В его стихах я находила спасение. Они были пропитаны болью, но одновременно в них сквозила неугасающая тяга к жизни, и они невольно запоминались, укутывали мои мысли, лечили моё сердце. Каждый день я наблюдала как сгорают на плацу измученные этой жизнью люди, сходя с ума или не выдерживая экспериментов, но я держалась. Серый пепел падал с небес, в воздухе пахло гарью и жареным мясом, пространство резали звуки сирен и не было выхода из этого лабиринта. Только стихи и льдинки голубых глаз, в которые мне однажды довелось заглянуть в свете луны, одиноко висевшей в небе. В ту ночь она казалась особенно огромной и на фоне бескрайней его черноты выглядела как тот самый заветный свет в конце тоннеля, по которому всем нам рано или поздно предстоит пройти. В ту ночь я дала себе слово, что ОНИ не сломают меня, им не увидеть в моих глазах мольбы и, если я и попаду на плац, то только с гордо поднятой головой.
К сожалению, все в этой жизни имеет конец. Как и сама жизнь. Целыми днями глядя то в окошко под потолком, то в камеру на против, я наблюдала, как Поэта пытаются сломать. Его били и морили голодом, запирали в одиночку и снова били, ему кололи то, что еще не тестировалось на людях и мало-по-малу, он начал терять себя в постмедикаментозном бреду. Мысли его часто путались, речь становилась бессвязной и тихой, и чтобы вернуться в этот мир после очередного эксперимента, он снова и снова читал стихи. Порой одни и те же, порой по несколько раз подряд, но я каждый раз как в первый, радовалась его голосу, радовалась тому, что он еще может бороться за жизнь, а вместе с ним могу и я.
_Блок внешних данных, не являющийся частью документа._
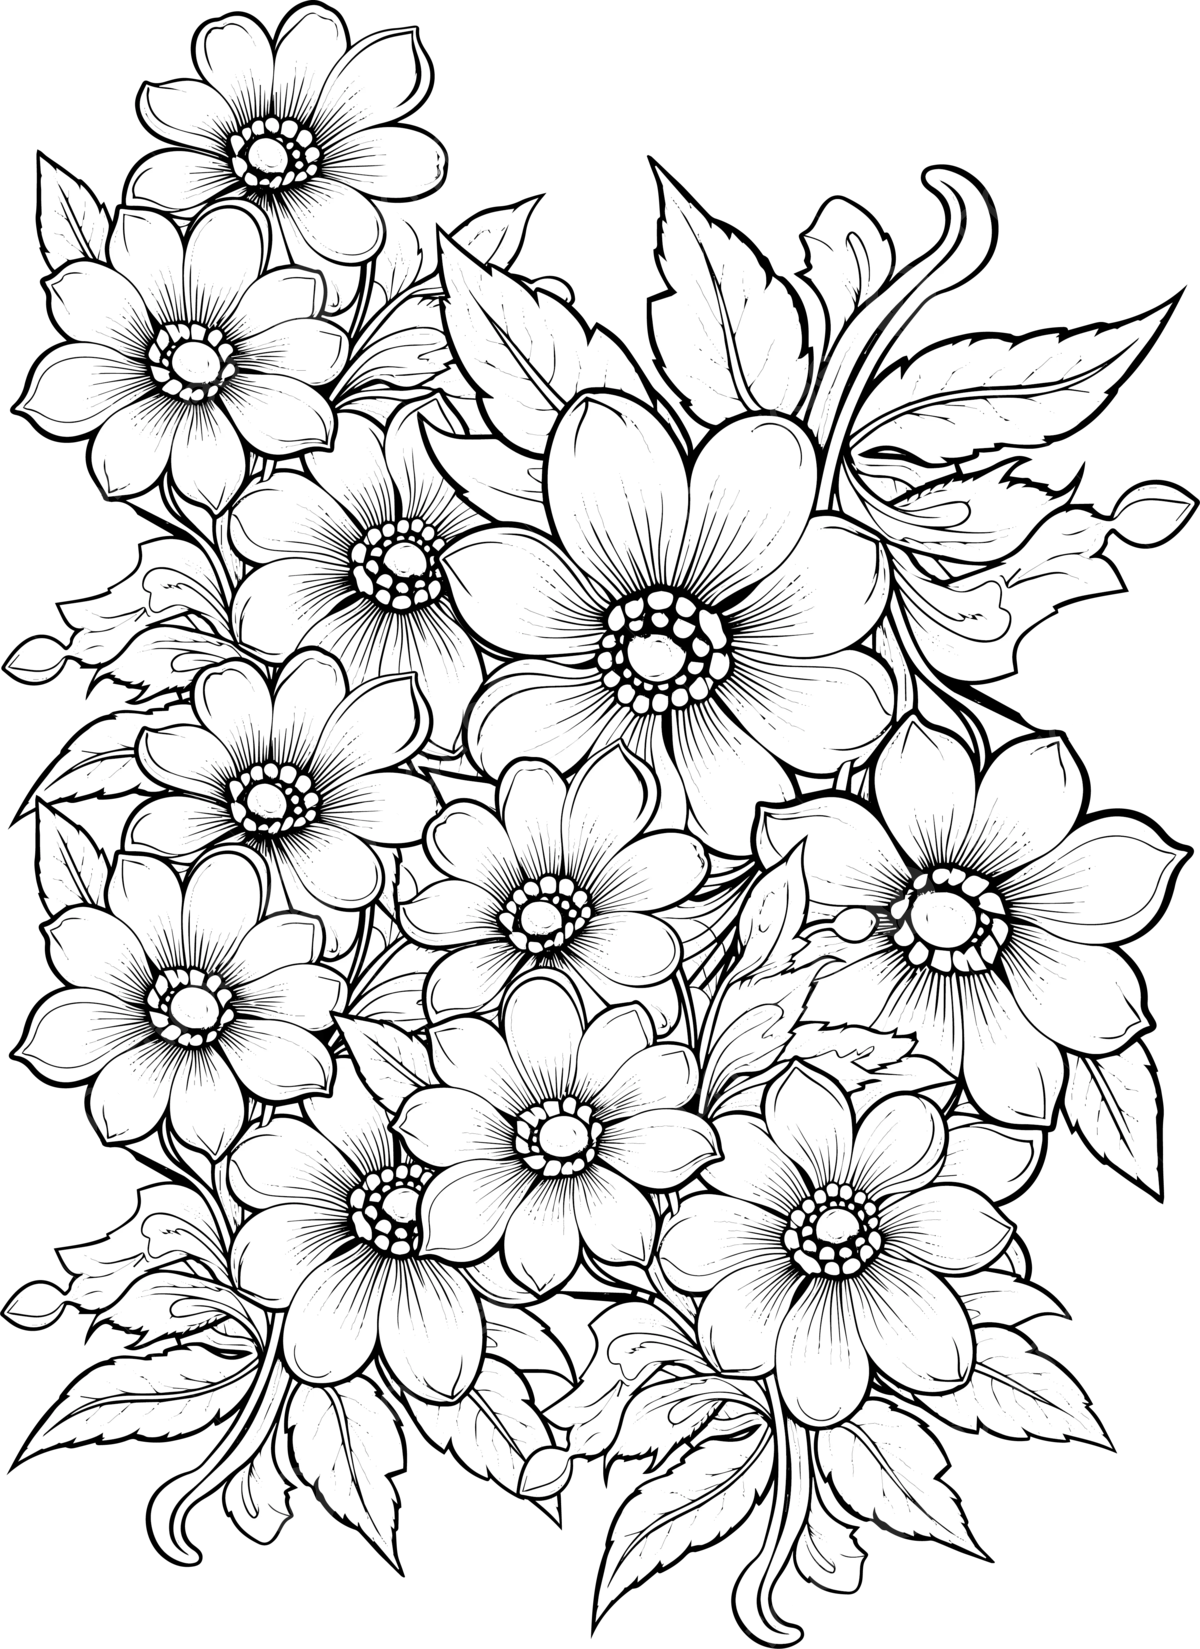 Dibujo de flor niãos y adultos pãgina para colorear primavera verano doodle elementos mandala patrãn con

Долгими холодными ночами, в те минуты, когда лаборатория останавливает свое движение, а надзиратели дремлют в своих каморках, я смотрела на пляшущие в черном небе снежинки, а он, сидя в дальнем углу камеры, рассказывал мне о ярких далеких звездах, об ангелах и демонах, о древних богах, выдумавших людей. Слушая его истории, во мне зарождалась, росла и крепла надежда на то, что может все это просто ночной кошмар, чья-то бредовая фантазия и скоро это все закончится? Он говорил о ярком чистом небе, о том, что мы победили болезнь и покинули свои убежища, что нет больше страшных лабораторий и все, кого мы любили, живы. Что люди стали добрее к друг другу и все мы больше не дохнем под колпаком диктаторов. Я растворялась в этих мыслях, впитывая кожей тепло его голоса, и сердце мое потихоньку обретало прежнюю мягкость. Оно вновь начинало чувствовать что-то кроме страха, но в тот день, когда я решила довериться его частым ударам и перестала скрывать от самой себя хрупкую любовь, которую поселил во мне Поэт, он не вернулся в камеру.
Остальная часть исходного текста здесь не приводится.